**DATA BELOW**
- - -
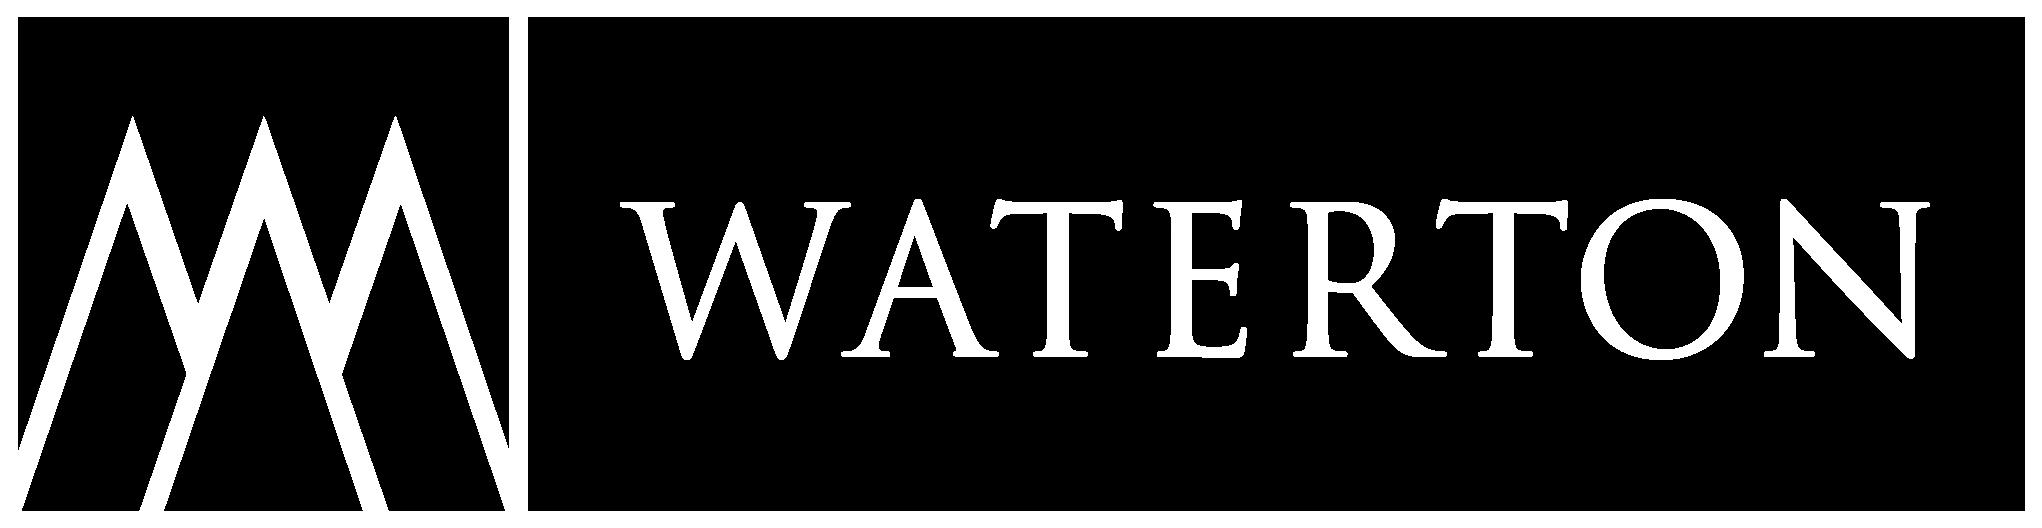 Retreat at McAlpine Logo | Retreat at McAlpine Creek Apartments in Charlotte, NC
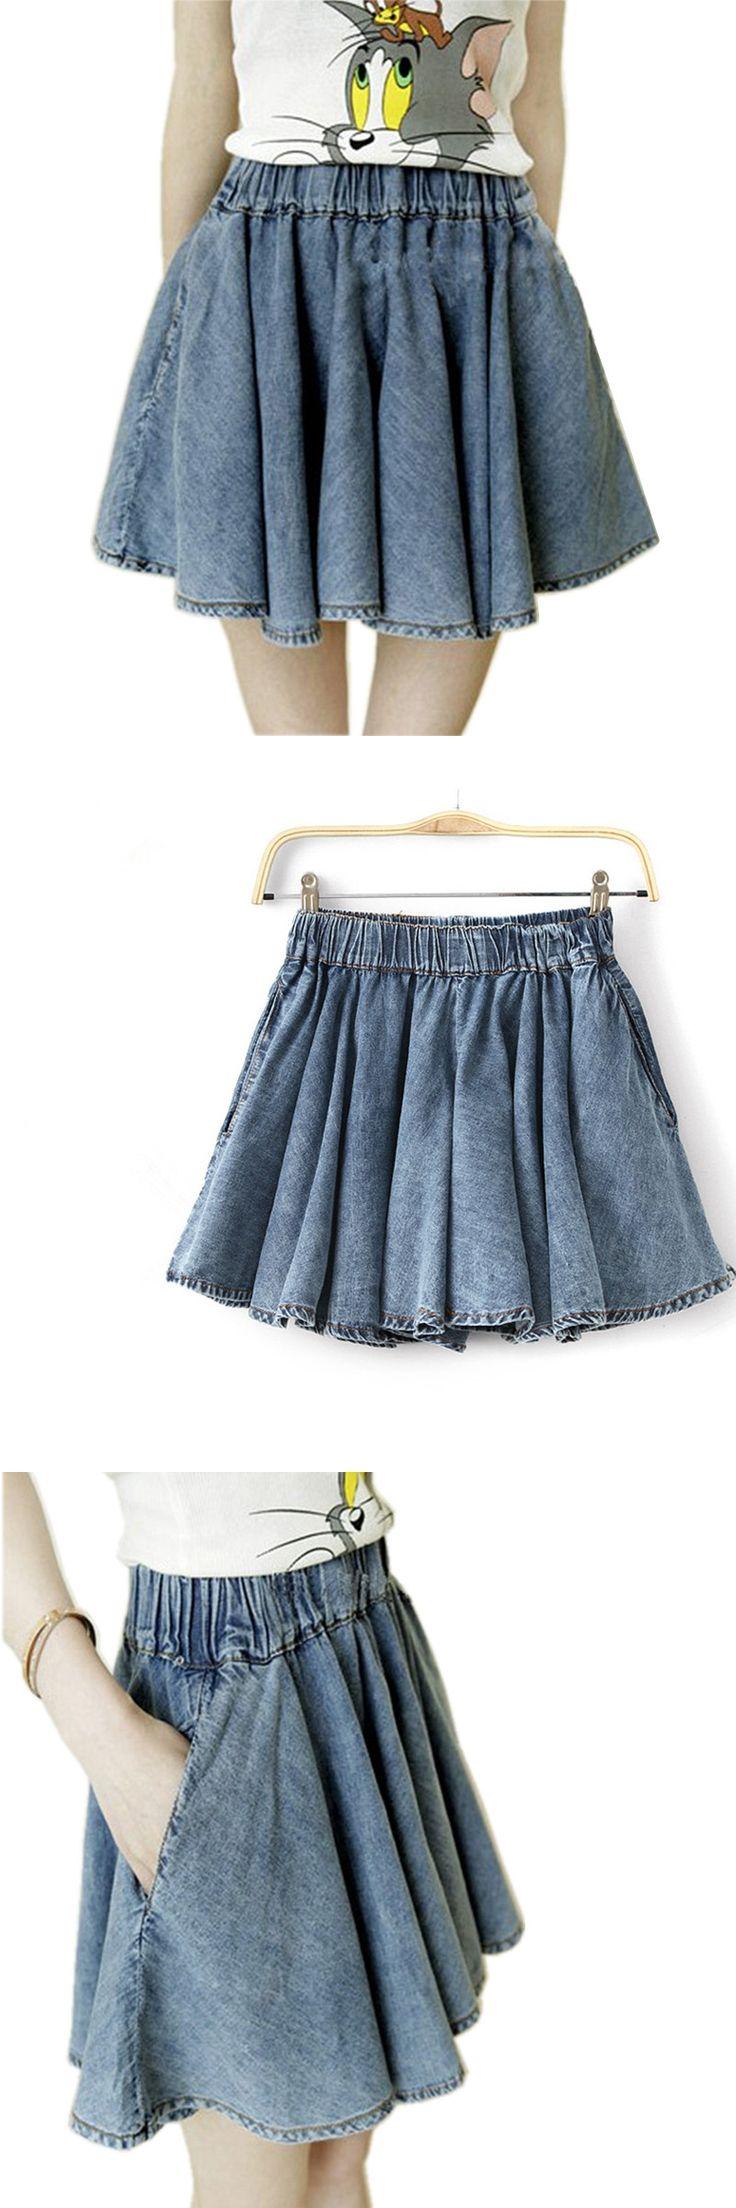 2017 New Summer Fashion Casual Womens Denim Skirts female Elastic Waist Jeans Culottes Short Skirt jupes mujer
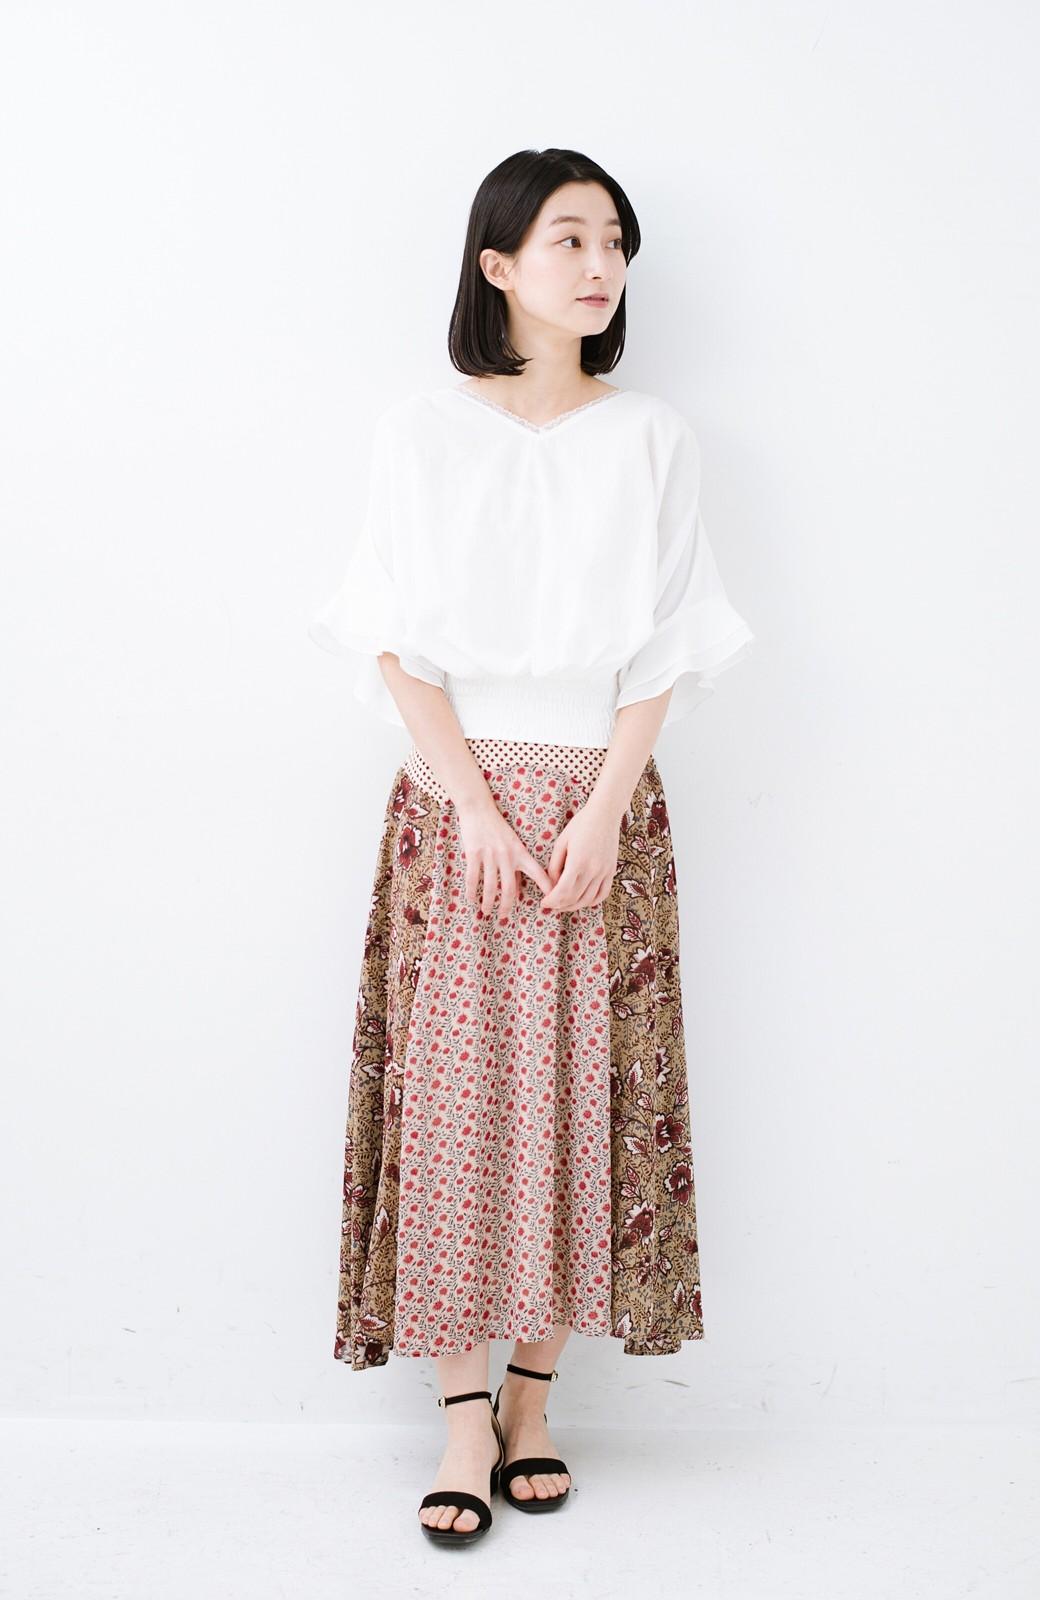 haco! 【洗濯機洗いOK】シンプルなトップスに合わせるだけでかわいくなれる MIX柄スカート <ベージュ系その他>の商品写真10
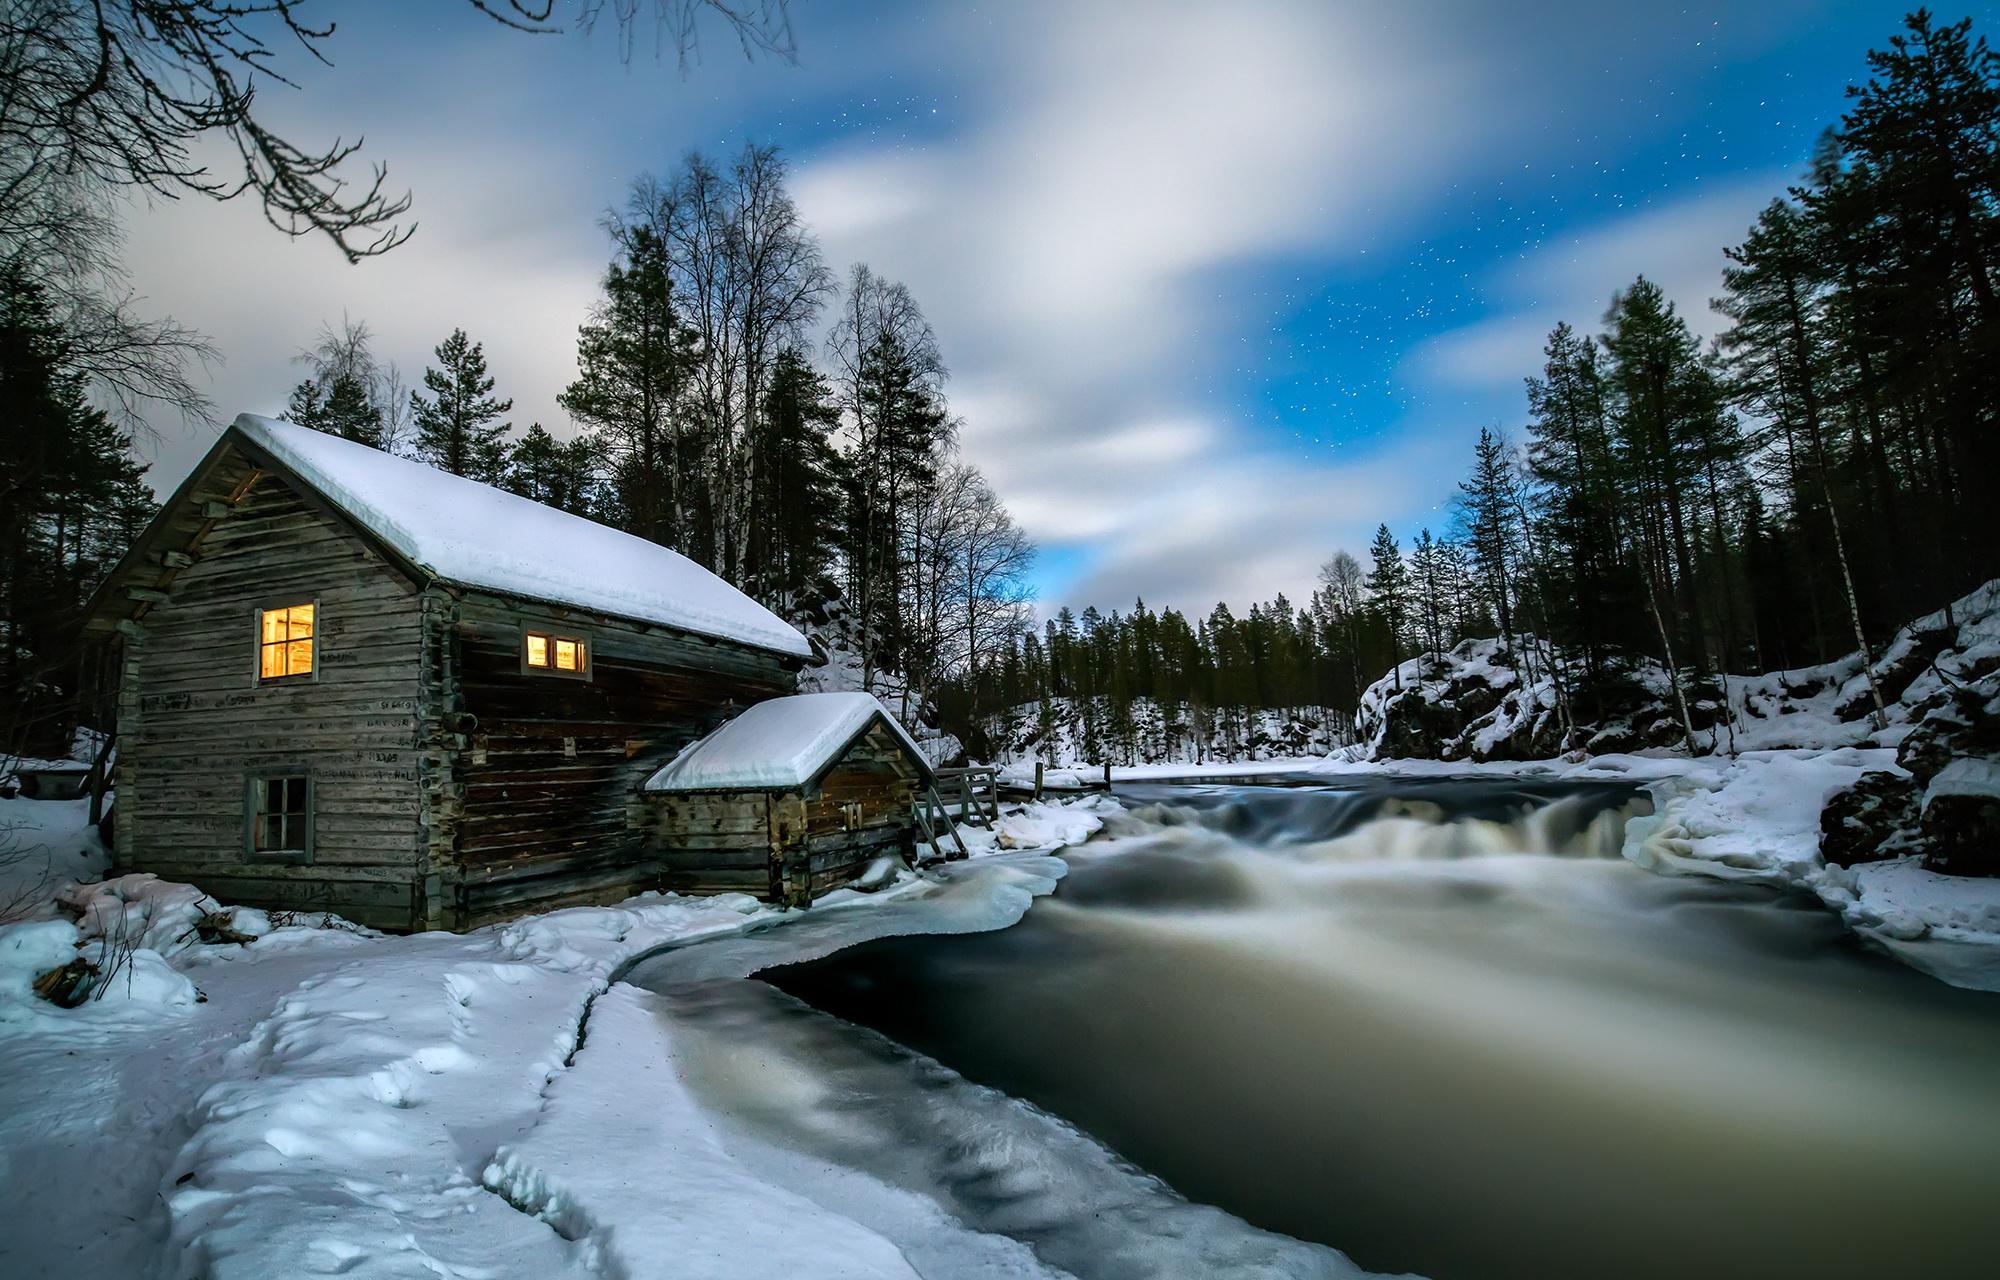 картинка зима природа с домиком пульс, вести подсчет
- - -
**EXERCISE DIRECTIONS**
Word for word, restate all of the material above except its pictures.

**REPLY**
 Retreat at McAlpine Logo | Retreat at McAlpine Creek Apartments in Charlotte, NC
 2017 New Summer Fashion Casual Womens Denim Skirts female Elastic Waist Jeans Culottes Short Skirt jupes mujer
 haco! 【洗濯機洗いOK】シンプルなトップスに合わせるだけでかわいくなれる MIX柄スカート <ベージュ系その他>の商品写真10
 картинка зима природа с домиком пульс, вести подсчет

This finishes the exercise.